LE TECNICHE DI PROCREAZIONE MEDICALMENTE ASSISTITA

IUI, FIVET, ICSI???????Ma di che cosa stiamo parlando? La procreazione medicalmente assistita (PMA) si avvale di diverse tecniche alcune meno invasive e altre più complesse. L’obiettivo di questa pagina è quello di inserire video relativi alle varie tecniche di procreazione medicalmente assistita, al fine di capire meglio cosa si nasconde dietro a quei termini troppo tecnici, soprattutto per coloro i quali sono all’inizio di questo viaggio alla ricerca della cicogna…

Tiziana Fiore

Per ICSI(Inseminazione intracitoplasmatica dello spermatozoo) si intende la microiniezione dello spermatozoo direttamente all’interno dell’ovocita.

La FIVET (Fecondazione In Vitro ed Embryo Transfer) è una tecnica di Procreazione Medicalmente Assistita di II livello che consiste nell’ottenere la fecondazione dell’ovocita al di fuori del corpo della donna con conseguente formazione dell’embrione e successivo trasferimento in utero dello stesso.

La sigla IUI sta per Intra Uterine Insemination, cioè inseminazione intra-uterina. E’ una tecnica di procreazione assistita che consiste nell’introdurre il liquido seminale, opportunamente preparato, direttamente all’interno dell’utero.

LA DONNA E L’INFERTILITA’…

disperazione donna“Il bambino comincia in noi molto prima del suo inizio. Ci sono gravidanze che durano anni di speranza, eternità di disperazione”   M.Cvetaeva

All’interno della coppia, la donna subisce in modo più pesante l’impatto psicologico dell’infertilità come mai?

Le ragioni sono molteplici e riguardano più fronti…

Anche se lo stereotipo di donna “tutta madre e casalinga” non è più forte come in passato, ancora oggi a livello sociale si attribuisce una grande importanza simbolica alla gravidanza e alla maternità.

Pensiamo alla nostra infanzia…Attraverso il gioco, l’utilizzo di bambole o peluche e in tempi più recenti di dispositivi digitali, le bambine sperimentano se stesse nel “ruolo di mamma”; nutrono, addormentano, giocano e si prendono cura del proprio “bambino”. Una volta diventate adulte, la maggior parte di loro diventerà madre, ma per alcune questo sogno non si concretizzerà mai…

La mancanza di un figlio genera nella donna la sensazione di essere incompleta, mancante, non  è in grado di fare la cosa più naturale del mondo e per questo si sente diversa dalle altre, da chi invece quel figlio l’ha avuto! Questa sensazione è spesso così forte da contaminare tutti gli ambiti della propria vita, il lavoro, gli amici, la famiglia, tutta la quotidianità subisce un contraccolpo importante.
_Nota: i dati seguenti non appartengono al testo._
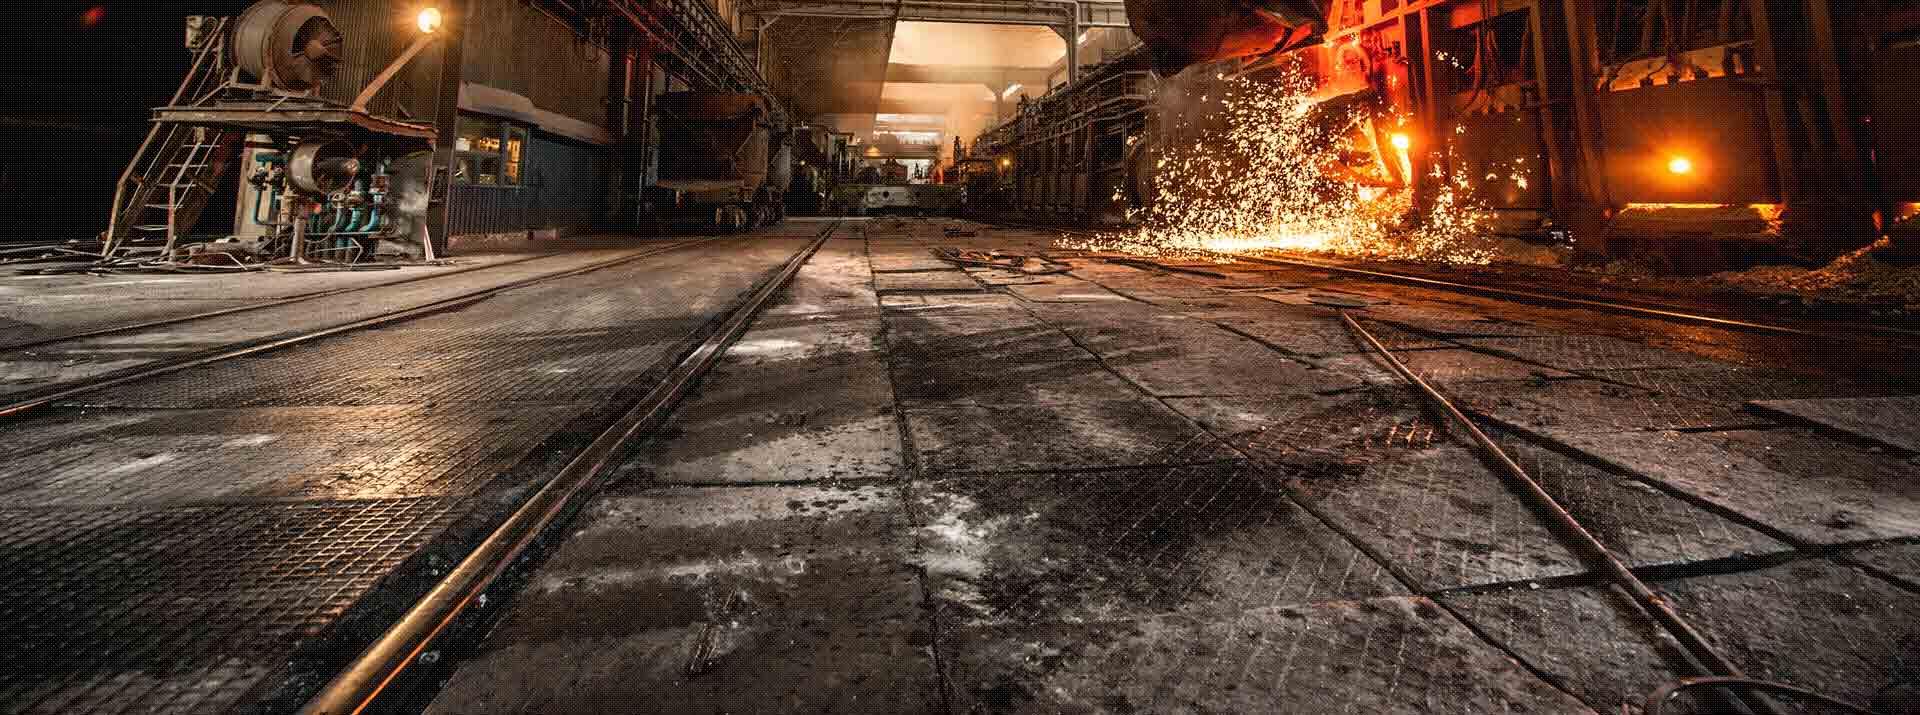 Industrieanlage mit Funken und Hebetechnik von RO-TECH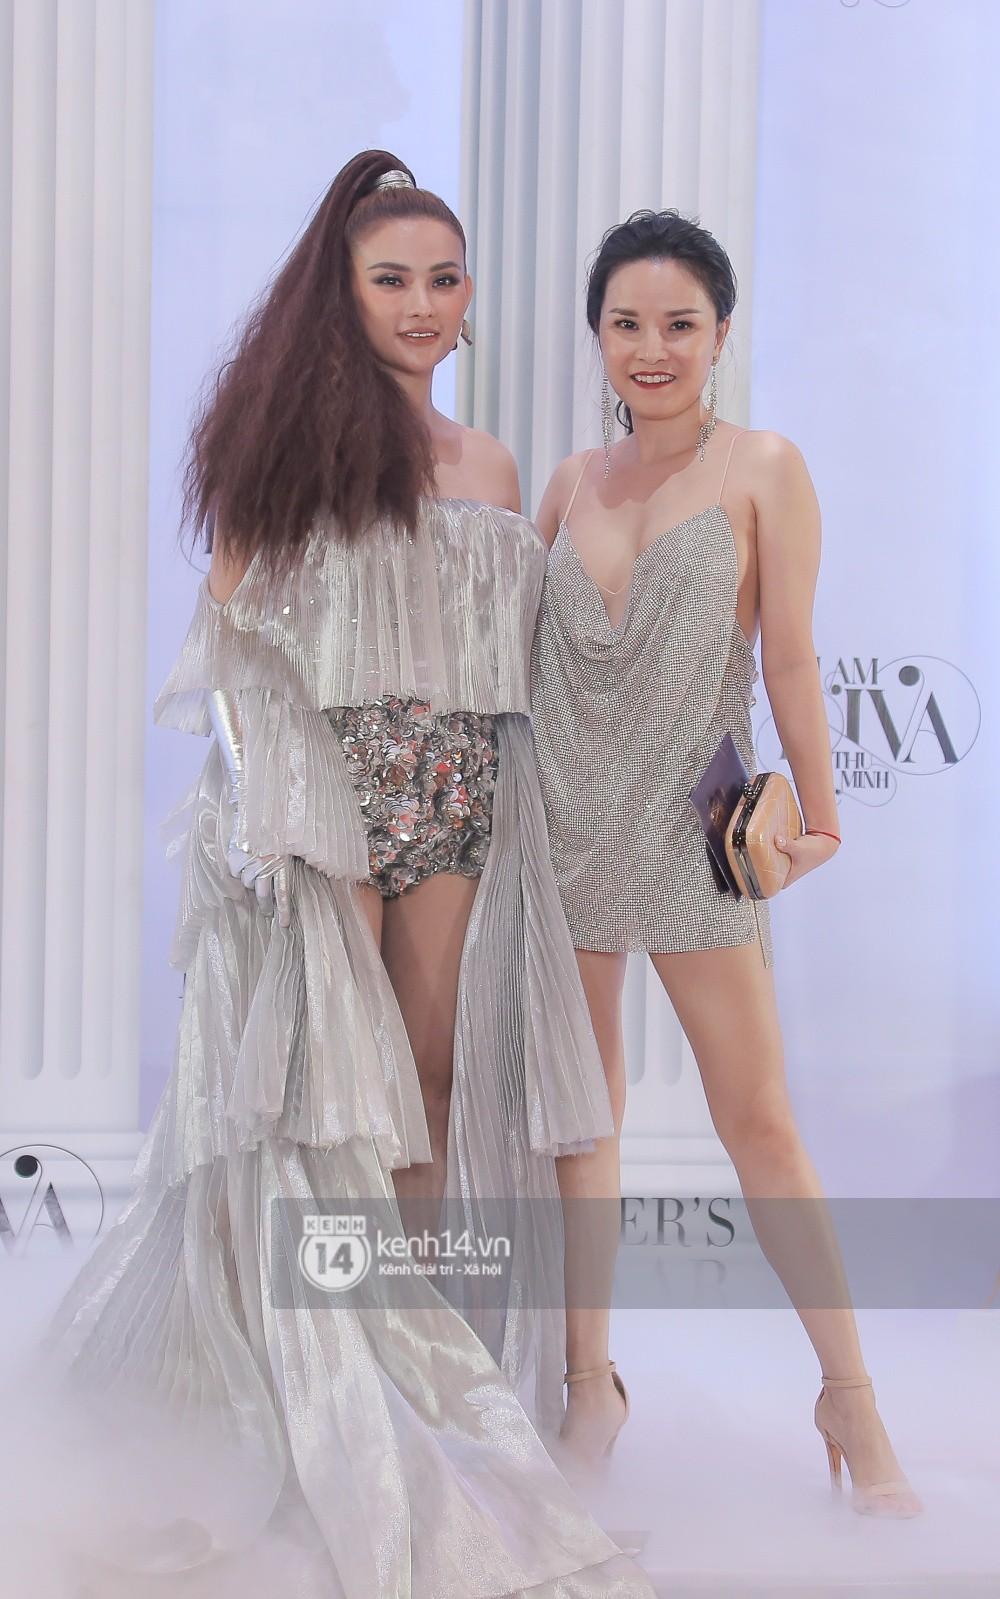 Thảm đỏ lố nhất Việt Nam: Nếu Phương Khánh là đóa hoa thì Jolie Nguyễn chính là giấy gói quà, riêng Nam Em quên... mặc quần - Ảnh 24.

La vergogna, l’imbarazzo e  il sentirsi incompresa spinge la donna all’isolamento a tenere contatti con pochi eletti perchè “solo chi c’è passato può capire“…

Come mai è così difficile mettersi nei panni di una donna che desidera un figlio che non vuole arrivare? Superare l‘infertilità significa elaborare un lutto e forse la difficoltà è insita proprio in questo: Il lutto è la reazione emotiva legata prevalentemente alla perdita di una persona cara, ciascuno di noi conosce e ha provato questo dolore, ma non tutti capiscono come si può soffrire così per un bambino che in fondo non è mai nato. In realtà questo bimbo mai nato lascia nel cuore e nella mente della donna un vuoto enorme, un dolore lancinante che spesso non è compreso neanche dal proprio partner…Il  “vuoto” è per la donna che non riesce ad avere un figlio un tema molto delicato. Il bambino tanto desiderato nasce primo nella testa e nel cuore e solo dopo prende vita nel corpo. Il problema dunque è proprio questo, ad un grembo fisico vuoto corrisponde una mente piena, un grembo psichico ricco di desideri, speranze  aspettative e il tempo che passa è il tempo che sancisce l’assenza. In una tale condizione è facile capire quanto devastante può essere l’attesa di qualcosa che forse non arriverà. Ciascuna coppia ha la sua storia, alcune donne accettano la diagnosi d’infertilità e si arrendono alla natura, altre optano per l’adozione, alcune perdono le speranze altre ancora si affidano alla scienza.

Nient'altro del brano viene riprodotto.